简述
erlang 的 cowboy 是一个 web server 框架。它在客户端提前断开(nginx http code 499)时,会直接杀掉handler进程。这很容易造成bug。
示例代码
参考 https://ninenines.eu/docs/en/...
有handler代码如下:
-module(hello_handler).
-behavior(cowboy_handler).
-export([init/2]).
init(Req, State) ->
erlang:display("before_sleep"),
timer:sleep(3000),
erlang:display("after_sleep"),
Req = cowboy_req:reply(
200,
#{<<"content-type">> => <<"text/plain">>},
<<"Hello Erlang!">>,
Req
),
{ok, Req, State}.
在
curl http://localhost:8080
时,有输出:
([email protected])1> "before_sleep"
"after_sleep"
如果
curl http://localhost:8080 --max-time 0.001
curl: (28) Resolving timed out after 4 milliseconds
有输出:
([email protected])1> "before_sleep"
这个说明handler进程的执行被抢行掐断了。
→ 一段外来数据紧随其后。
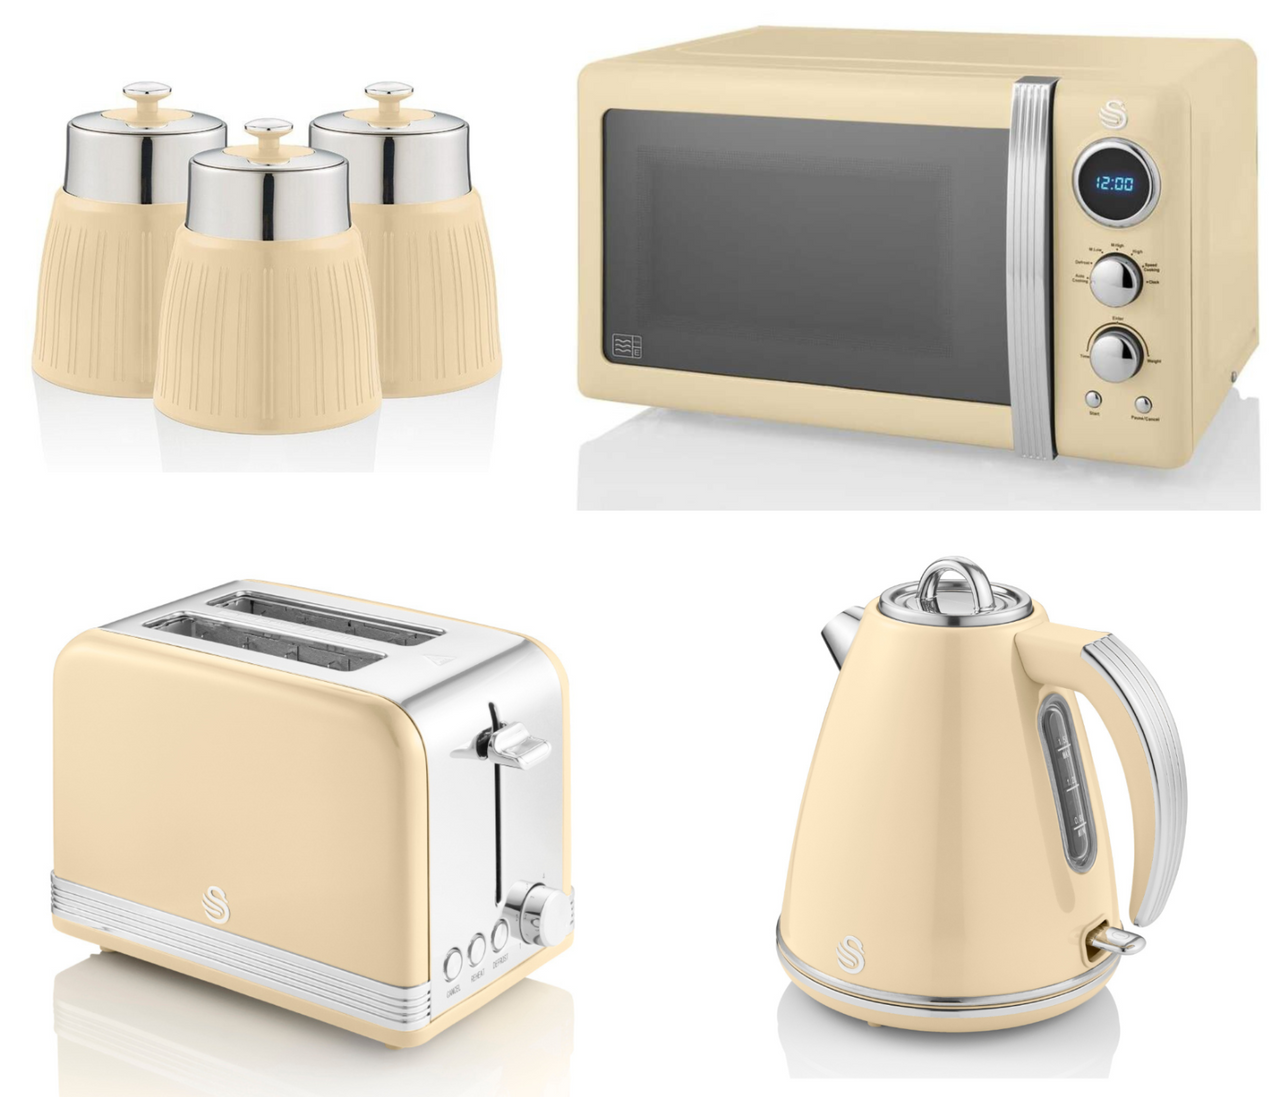 Swan Retro Cream 1.5L 3KW Jug Kettle, 2 Slice Toaster, 800W 20L Digital Microwave,  Tea, Coffee, Sugar Canisters. Vintage Matching Kitchen Set of 6 in Cream

如果代码中有对进程外部资源的访问,比如加锁,显然会造成锁释放问题。
问题原因
见 cowboy_http.erl:loop
loop(State=#state{parent=Parent, socket=Socket, transport=Transport, opts=Opts,
buffer=Buffer, timer=TimerRef, children=Children, in_streamid=InStreamID,
last_streamid=LastStreamID}) ->
Messages = Transport:messages(),
InactivityTimeout = maps:get(inactivity_timeout, Opts, 300000),
receive
%% Discard data coming in after the last request
%% we want to process was received fully.
{OK, Socket, _} when OK =:= element(1, Messages), InStreamID > LastStreamID ->
loop(State);
%% Socket messages.
{OK, Socket, Data} when OK =:= element(1, Messages) ->
parse(<< Buffer/binary, Data/binary >>, State);
{Closed, Socket} when Closed =:= element(2, Messages) ->
terminate(State, {socket_error, closed, 'The socket has been closed.'});
{Error, Socket, Reason} when Error =:= element(3, Messages) ->
terminate(State, {socket_error, Reason, 'An error has occurred on the socket.'});
{Passive, Socket} when Passive =:= element(4, Messages);
%% Hardcoded for compatibility with Ranch 1.x.
Passive =:= tcp_passive; Passive =:= ssl_passive ->
setopts_active(State),
loop(State);
%% Timeouts.
最终会通过发送exit消息方式,杀掉children进程。
-spec terminate(children()) -> ok.
terminate(Children) ->
%% For each child, either ask for it to shut down,
%% or cancel its shutdown timer if it already is.
%%
%% We do not need to flush stray timeout messages out because
%% we are either terminating or switching protocols,
%% and in the latter case we flush all messages.
_ = [case TRef of
undefined -> exit(Pid, shutdown);
_ -> erlang:cancel_timer(TRef, [{async, true}, {info, false}])
end || #child{pid=Pid, timer=TRef} <- Children],
before_terminate_loop(Children).
因为children没有trap exit,在没有任何日志输出,任何机会处理的情况下退出了。
总结
因为cowboy在对端断开时,会直接杀掉handler进程,这个很容易造成bug。可以使用nginx的 proxy_ignore_client_abort on。让客户端断开不传递至后端,从而规避这个问题。